_THE PROBLEM_
Note on the material below: return exactly the lines from the line that holds "Die Elixiere des" through the line that holds "Original-Erstausgabe mit", and leave out each picture.

_RECORDED DATA_
========
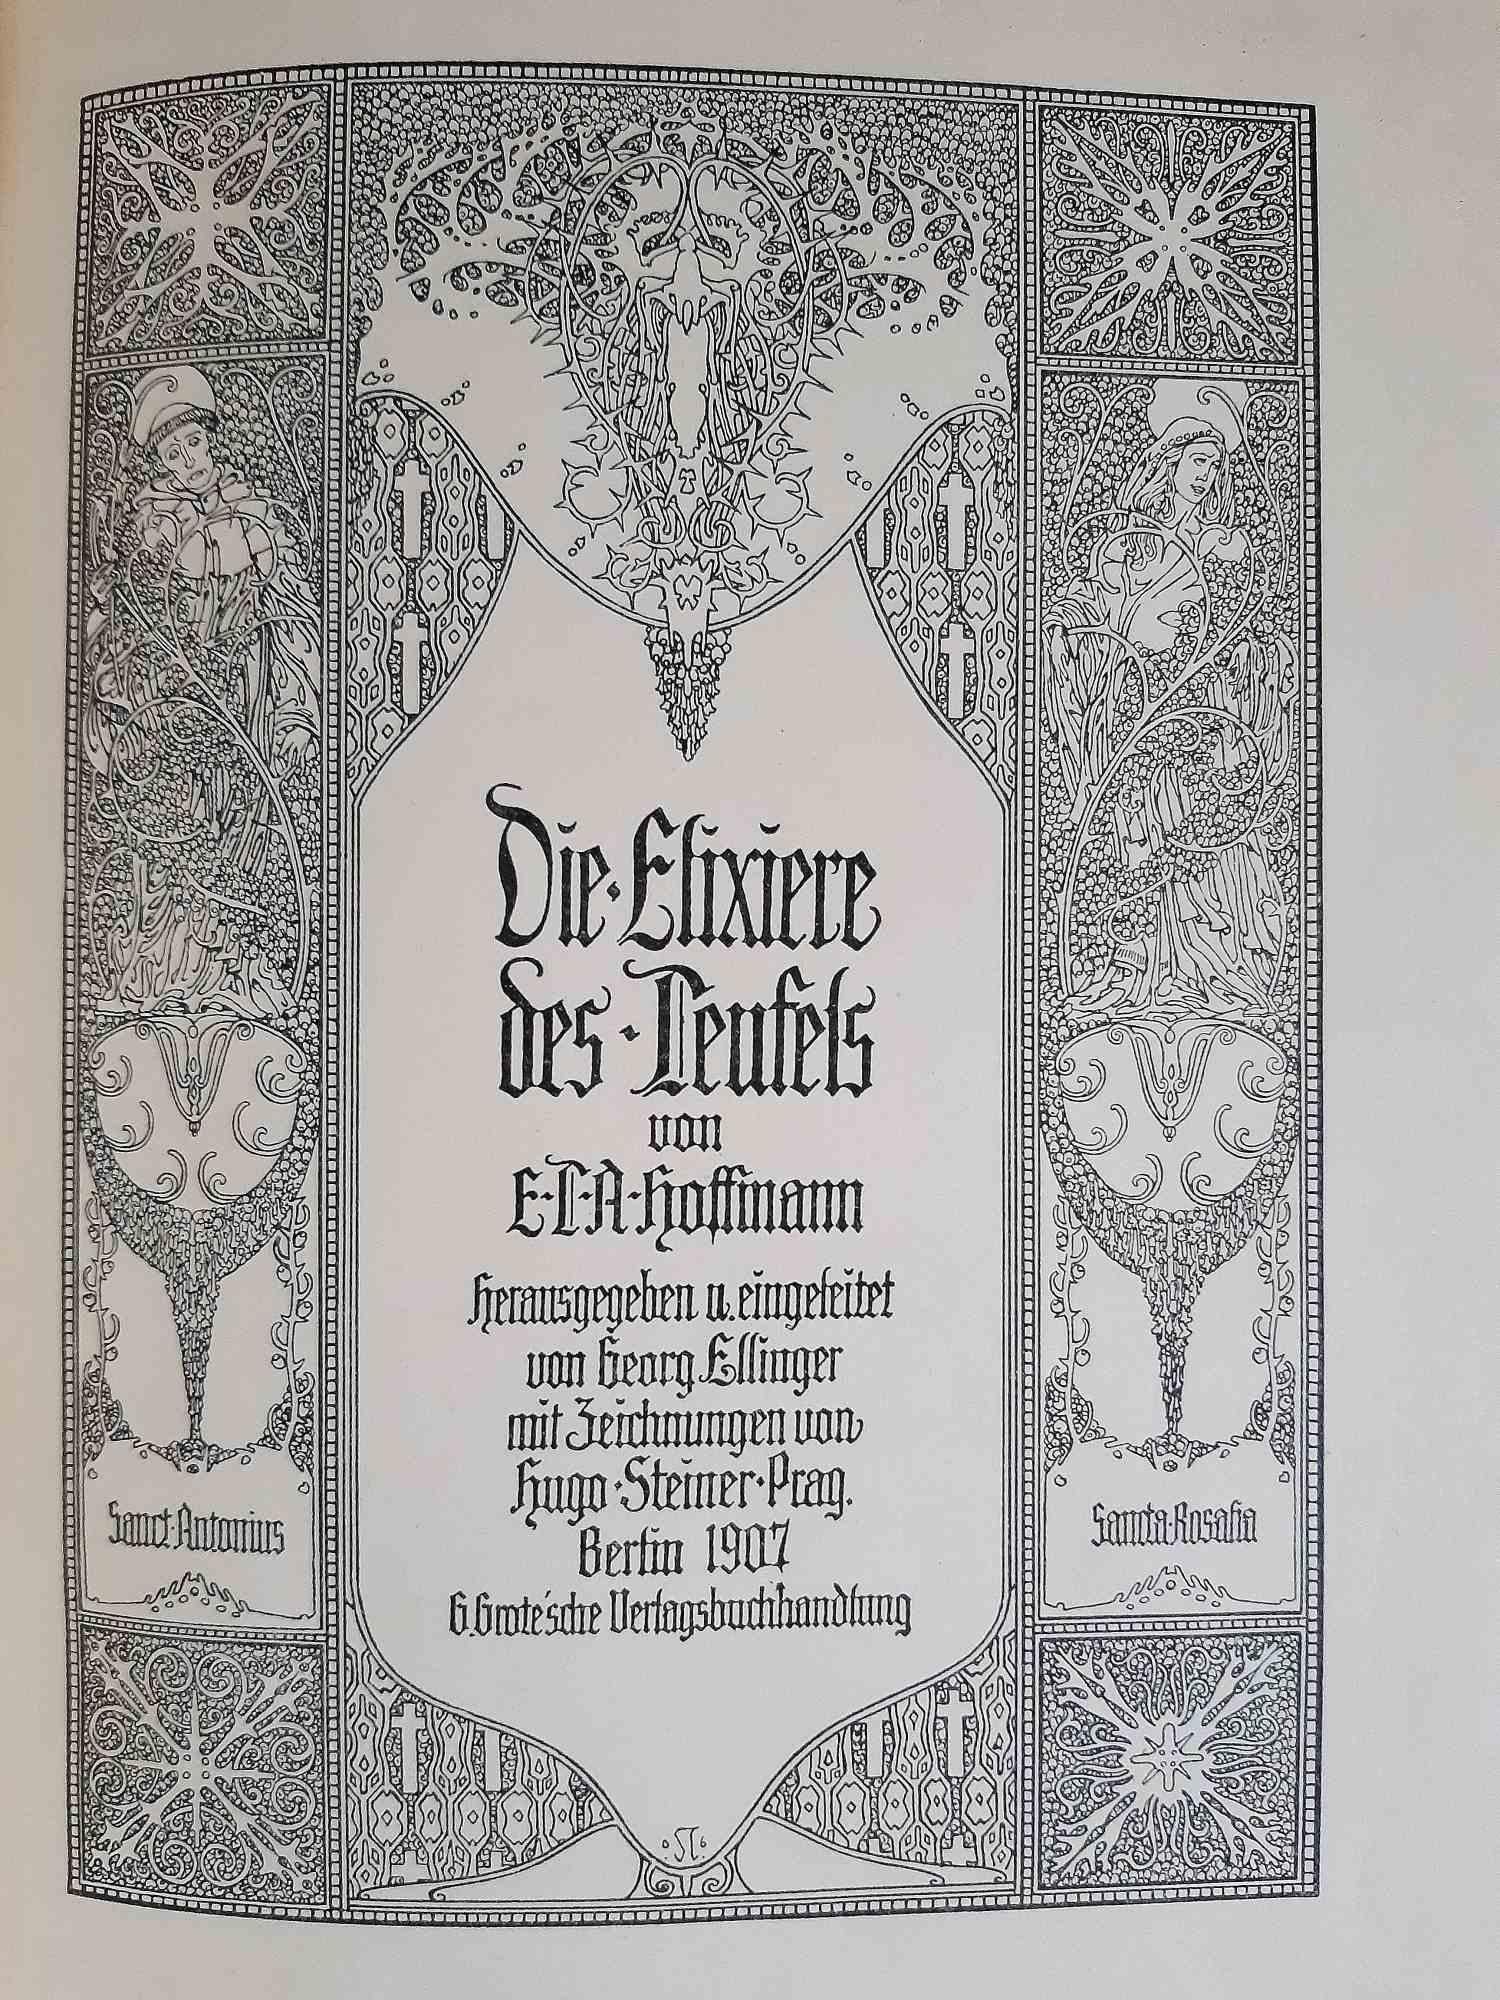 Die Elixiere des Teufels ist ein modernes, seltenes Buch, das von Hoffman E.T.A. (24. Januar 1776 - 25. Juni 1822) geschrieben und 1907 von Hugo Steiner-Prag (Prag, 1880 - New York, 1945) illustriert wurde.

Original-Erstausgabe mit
========
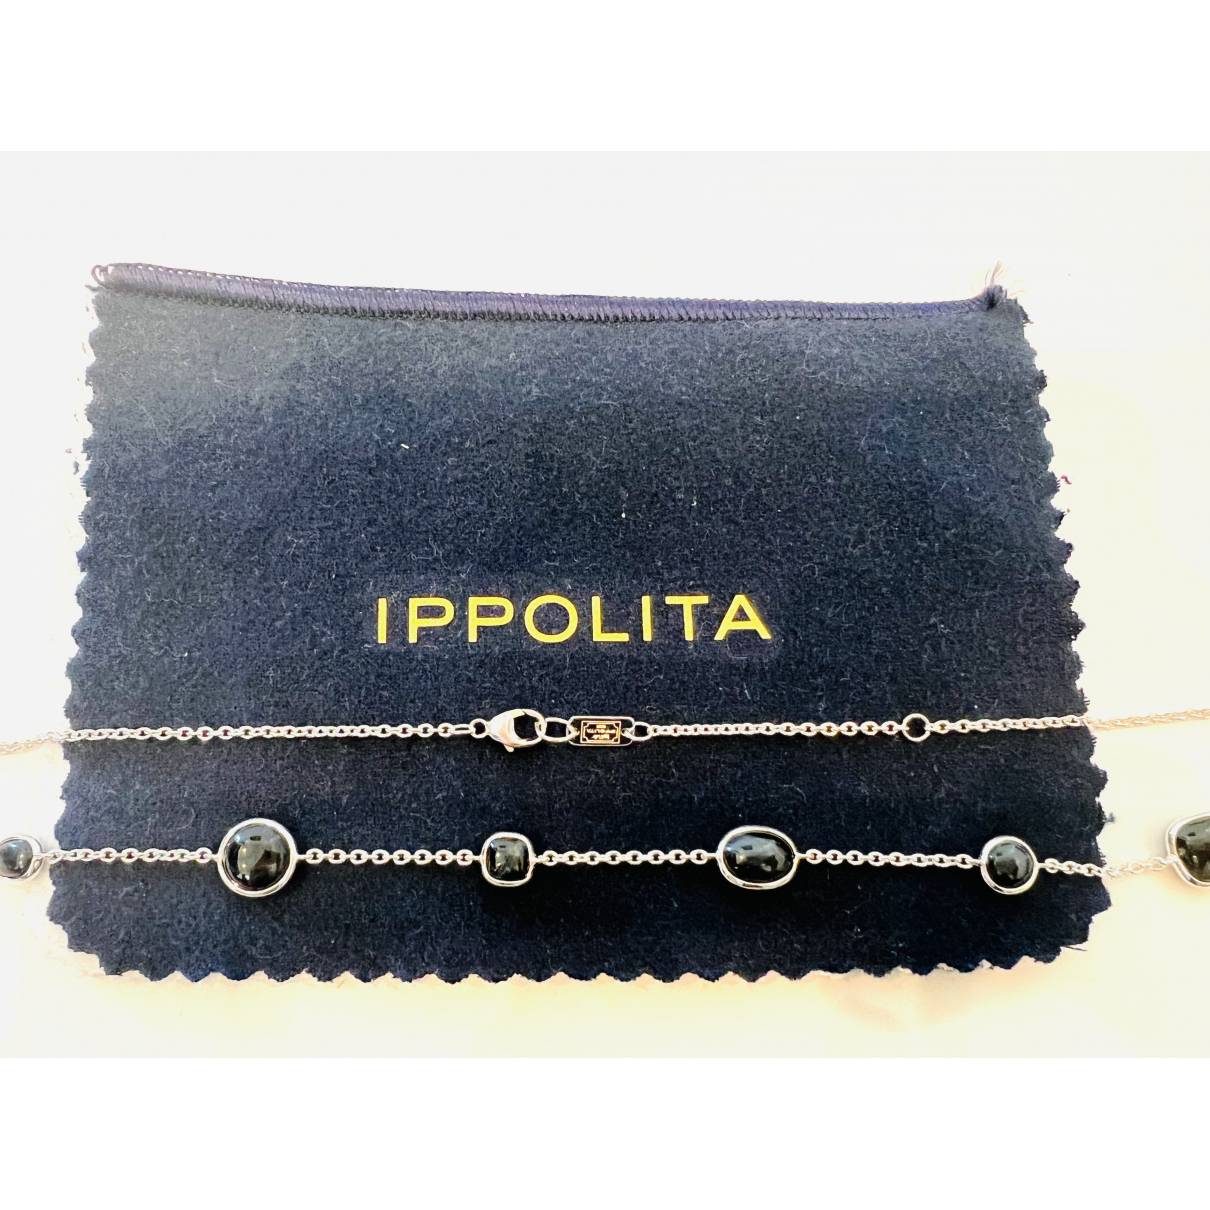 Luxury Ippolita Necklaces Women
========
_WRITTEN RESPONSE_
 Die Elixiere des Teufels ist ein modernes, seltenes Buch, das von Hoffman E.T.A. (24. Januar 1776 - 25. Juni 1822) geschrieben und 1907 von Hugo Steiner-Prag (Prag, 1880 - New York, 1945) illustriert wurde.

Original-Erstausgabe mit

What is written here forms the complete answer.